The rise of climate Venture Capital (VC).

There is a new ecosystem forming rapidly around climate tech start-ups; The State of Climate Tech 2020 report highlighted the rapid increase in the climate tech VC market, growing from £313.5 million globally in 2013 to £12.3bn in 2019. At the global level, climate tech now accounts for 14p of every venture capital pound.


The UK is emerging as a global climate tech leader.

The UK has been at the forefront of a global boom in climate tech investment since the Paris Agreement – ranking top in Europe and third globally, behind only China and the USA, for total climate tech Venture Capital funding between 2013 and H1 2021.

However, there is uneven distribution across sectors.

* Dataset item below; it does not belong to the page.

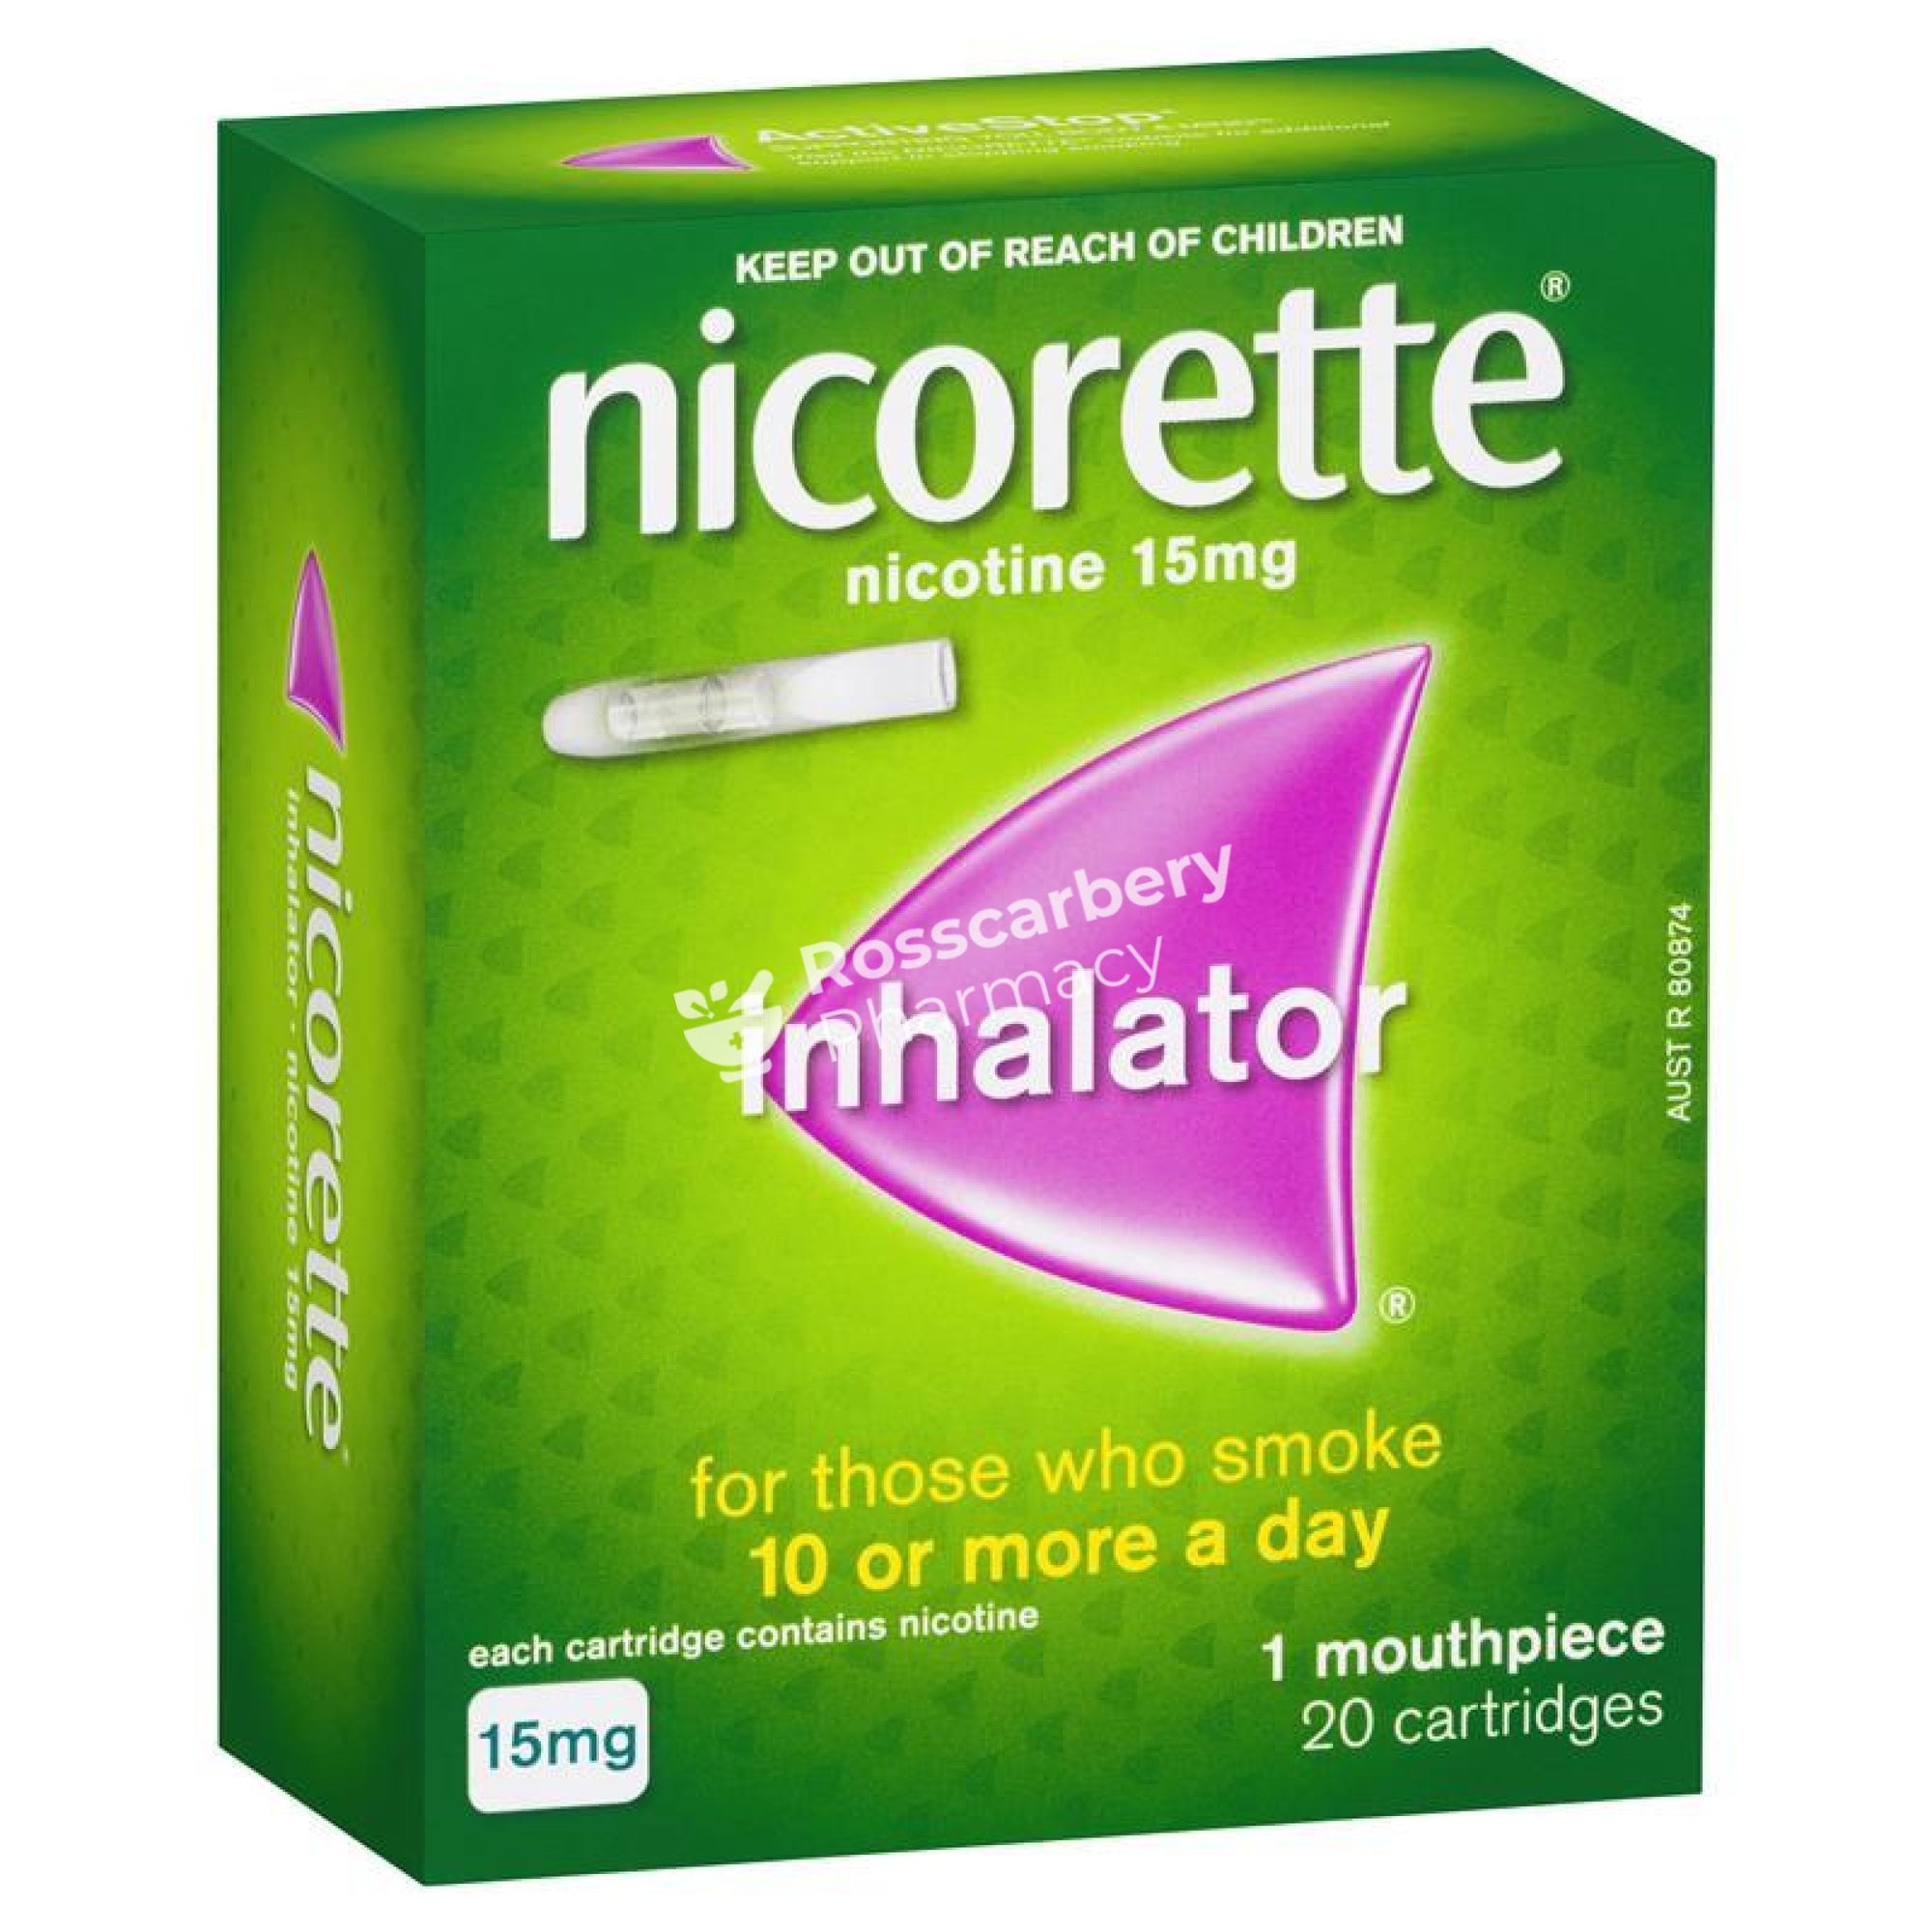 Nicorette 15Mg Refill Inhaler - 20 Cartridges Nicotine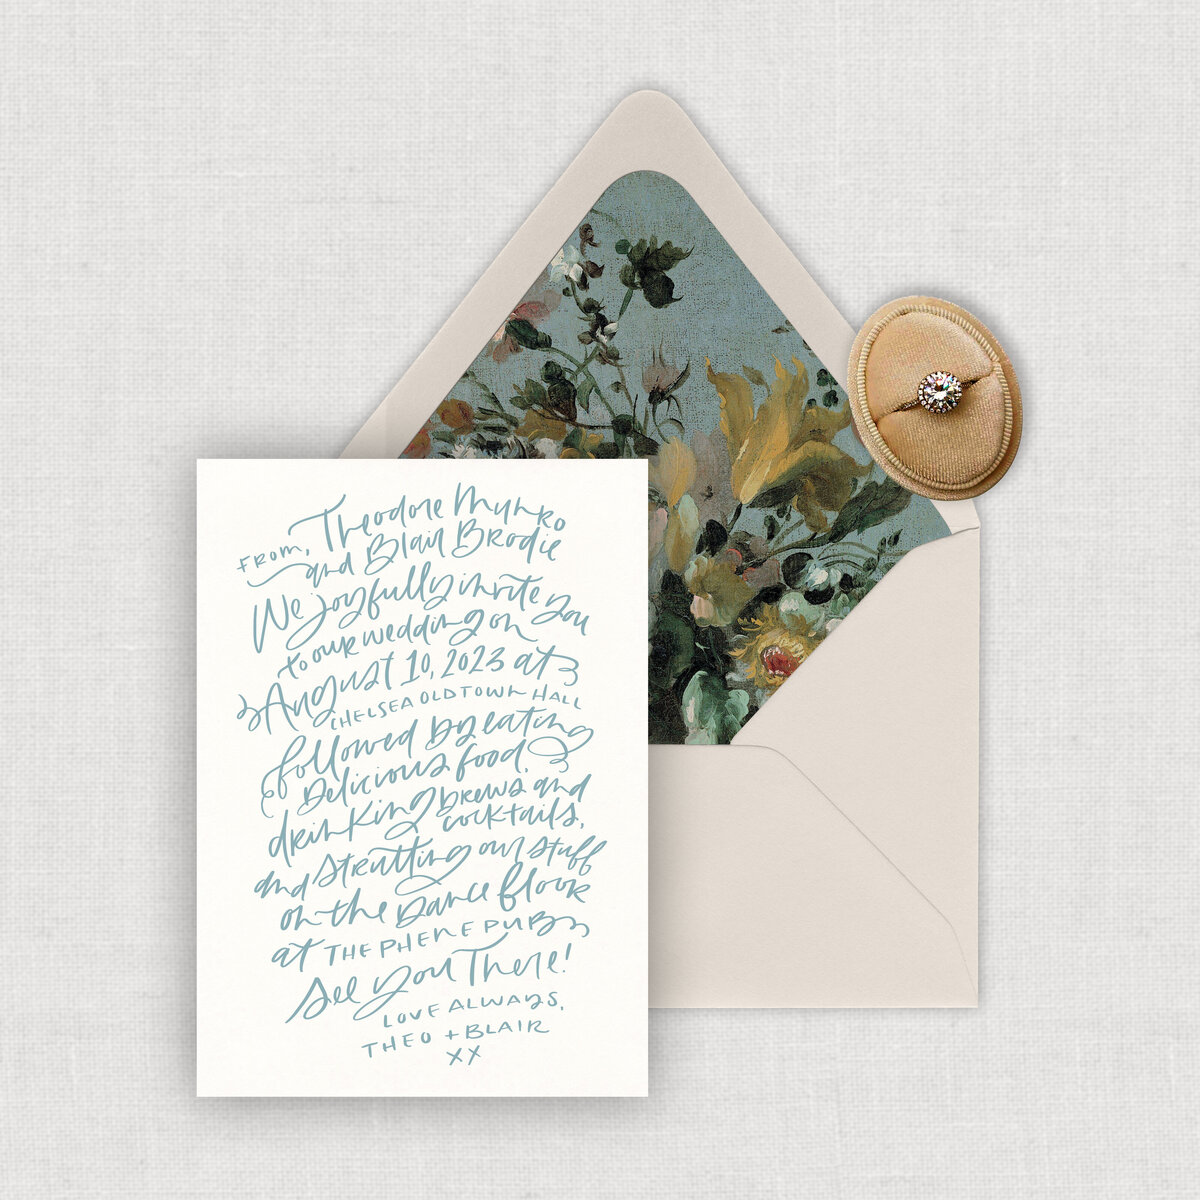 Handwritten calligraphy wedding invitation with printed envelope liner.

For example, in 2021, alongside private sector investors, the UK Government backed a world first programme to build an operational hub for Net Zero air taxis and delivery drones, yet lags behind in other critical areas, like EV battery production, where manufacturing in China dramatically outpaces the world.

Investment has also been skewed towards the “low-hanging fruit” of well-proven technologies, leaving a series of sectors underfunded, where there are commercially viable approaches with high carbon abatement potential.


The UK Carbon Funding Gap.

While the overall inward investment environment within the UK is increasingly healthy, climate tech investment in the UK mirrors the global pattern of uneven flows captured in SOCT21, with decarbonisation funding mismatched to the carbon abatement opportunity. As PwC's SOCT21 shows, a high proportion of climate tech investment appears to have focussed on prioritising near term commercial outcomes rather than longer term, higher carbon impact solutions.